PROVIDED MATERIAL Block Start

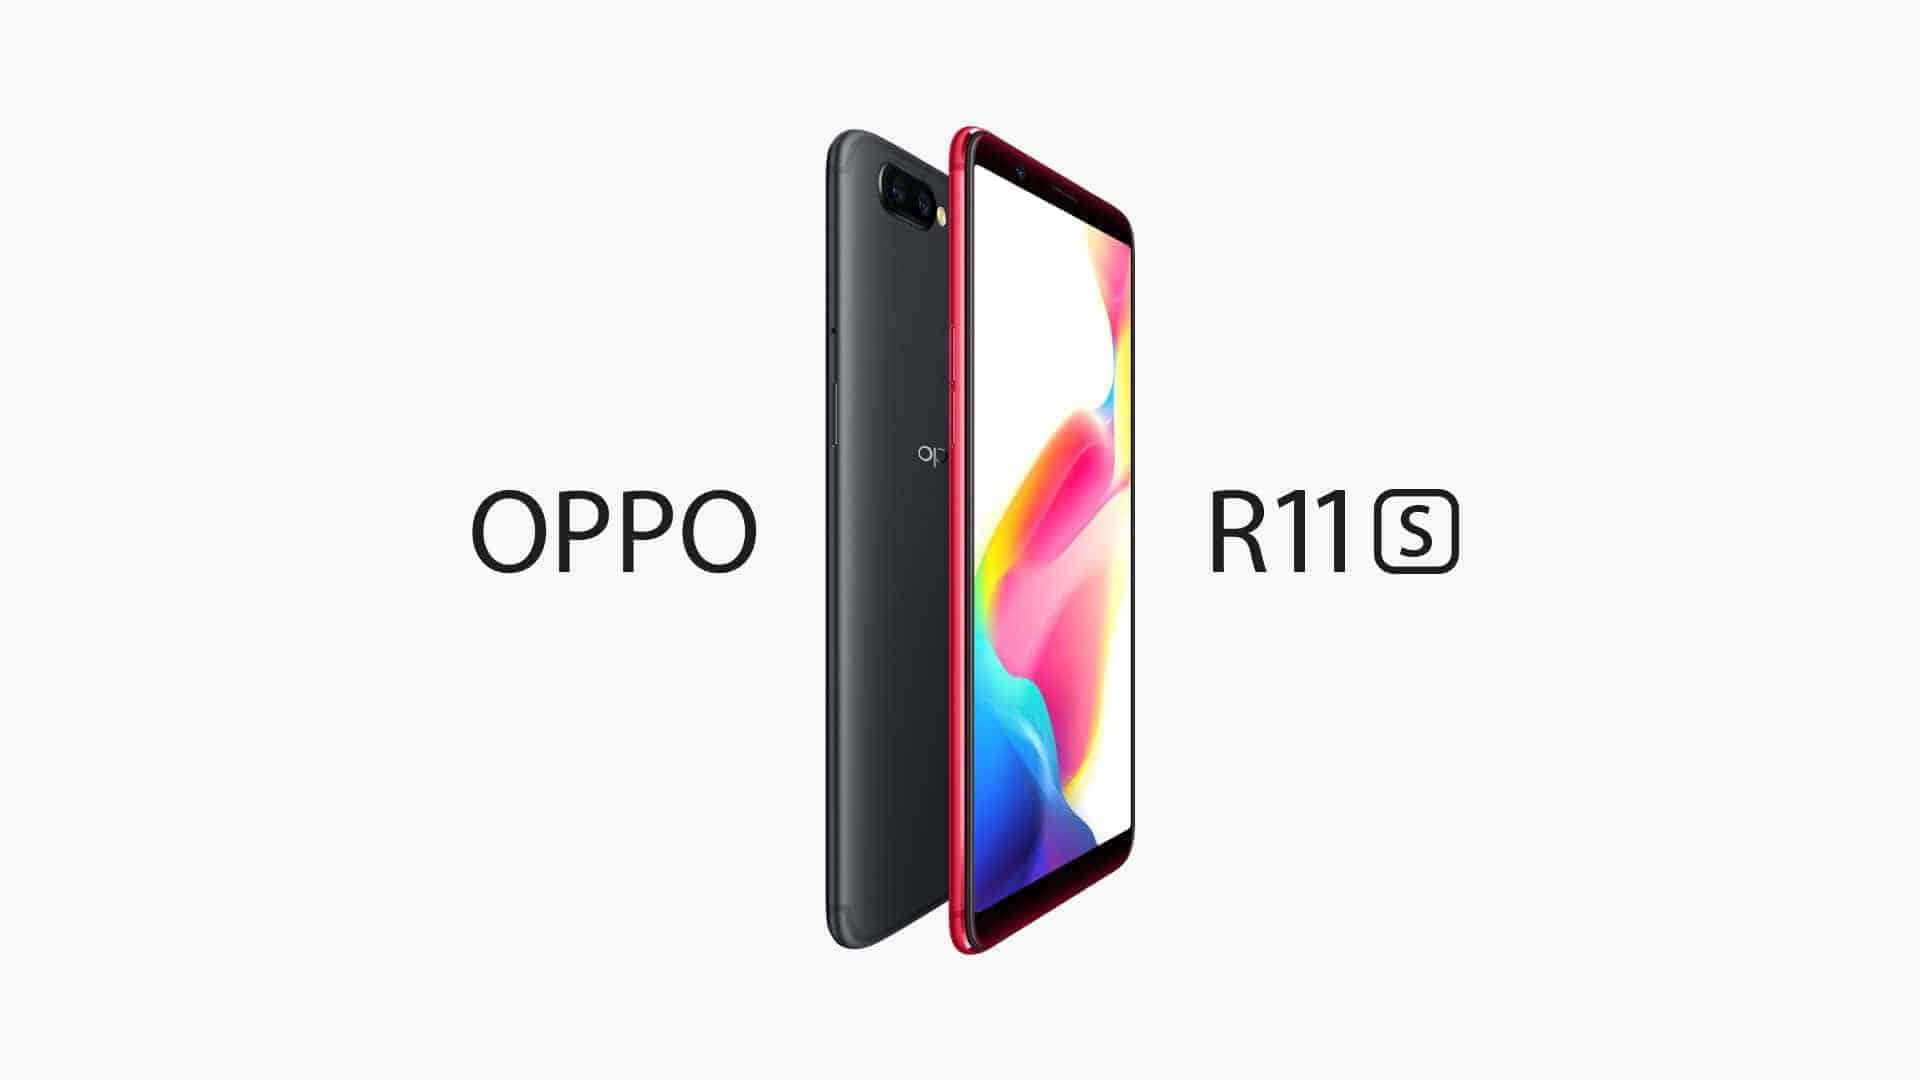 OPPO R11s 5
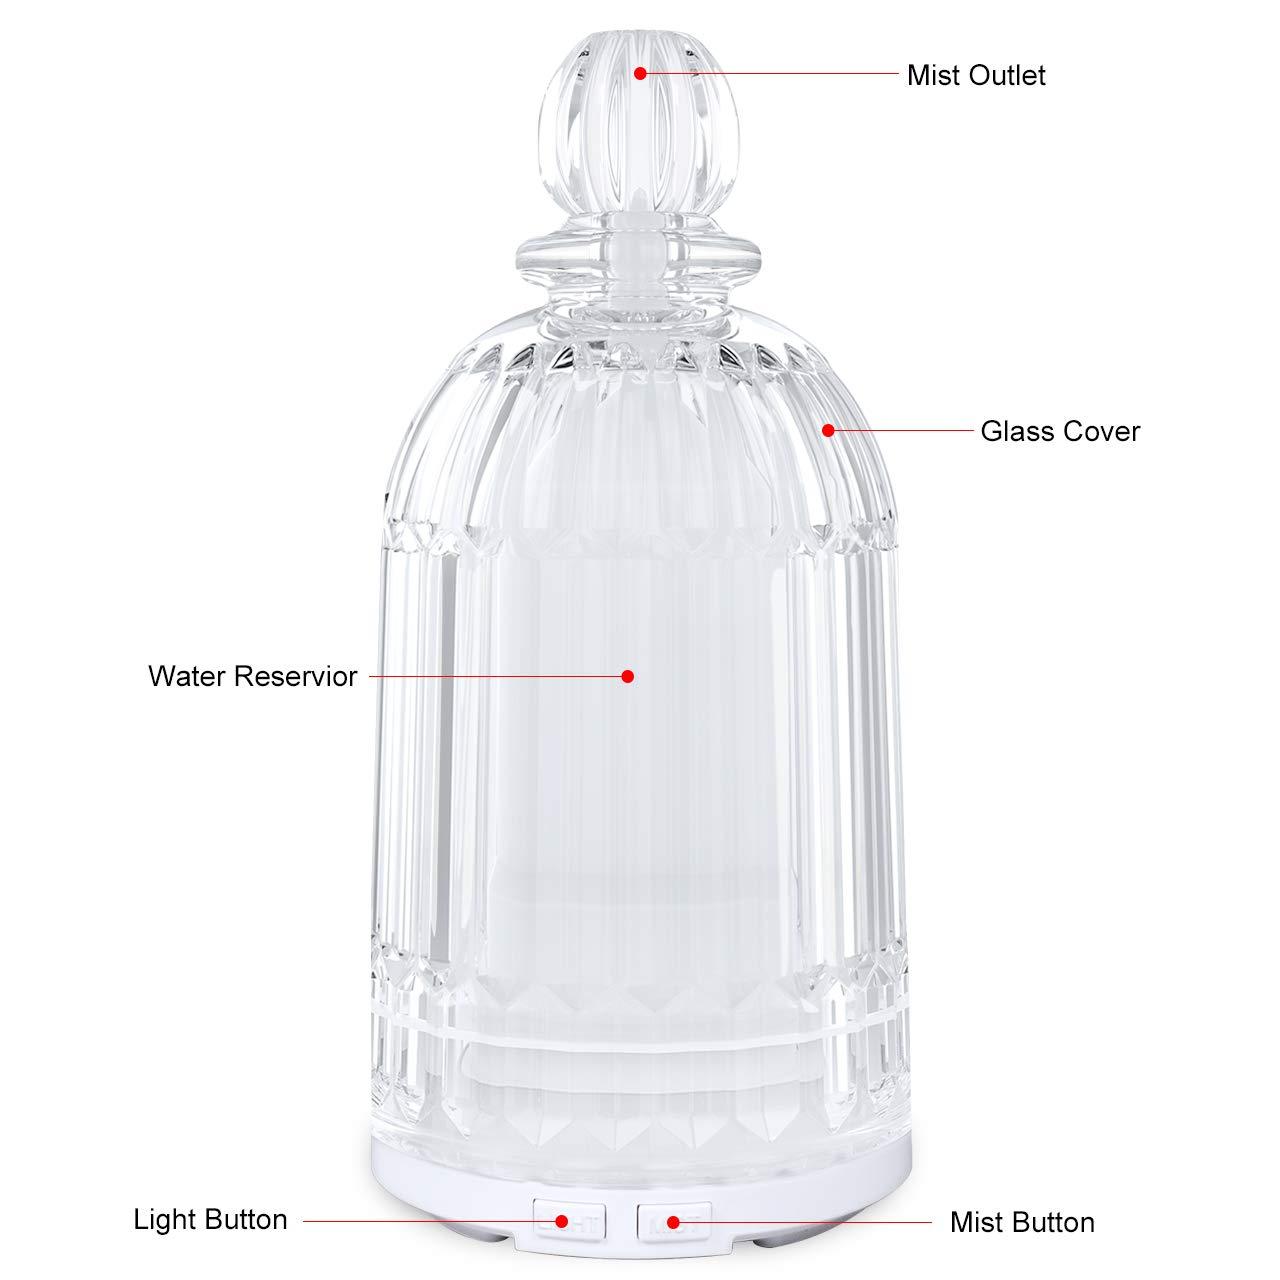 LATITOP Glasöl Diffusor Ultraschall Aromatherapie Diffusor für ätherische Öle mit 7-farbigen LED-Leuchten, automatische Abschaltfunktion (Weiß)
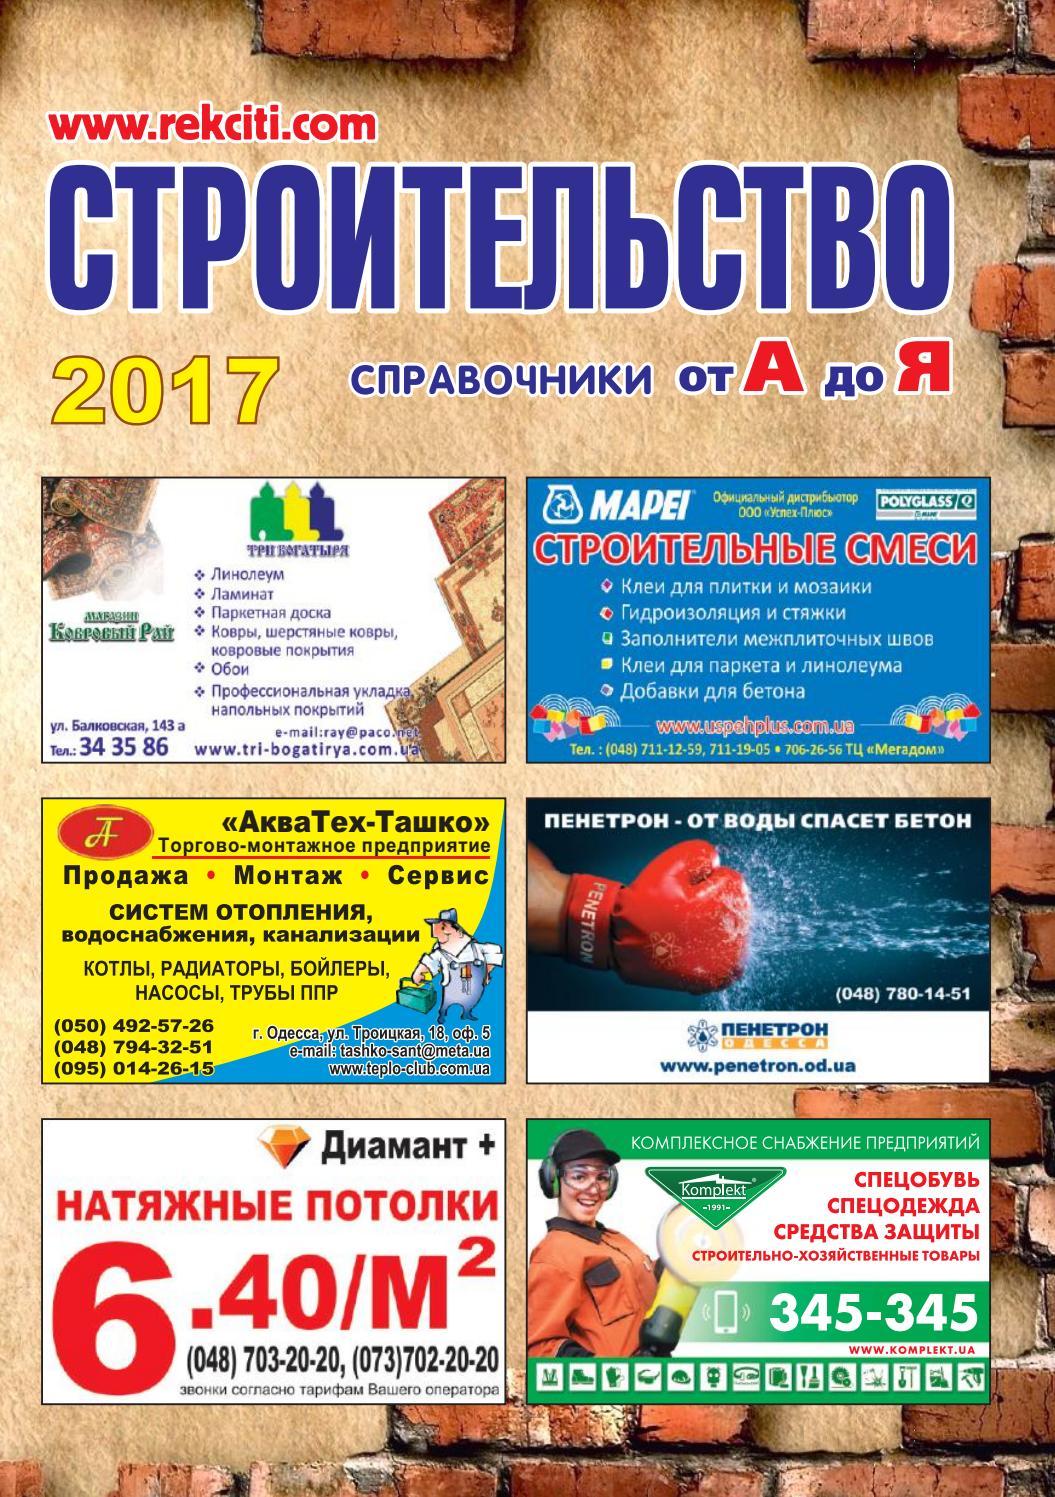 Балковская/Универсам - YouTube | 1497x1055

PROVIDED MATERIAL Block End

WHAT THE TASK ASKS: Leave every picture out and set down exactly the lines running from the one with "LATITOP Glasöl Diffusor" to the last line of the material above.

RESPONSE AREA:
 LATITOP Glasöl Diffusor Ultraschall Aromatherapie Diffusor für ätherische Öle mit 7-farbigen LED-Leuchten, automatische Abschaltfunktion (Weiß)
 Балковская/Универсам - YouTube | 1497x1055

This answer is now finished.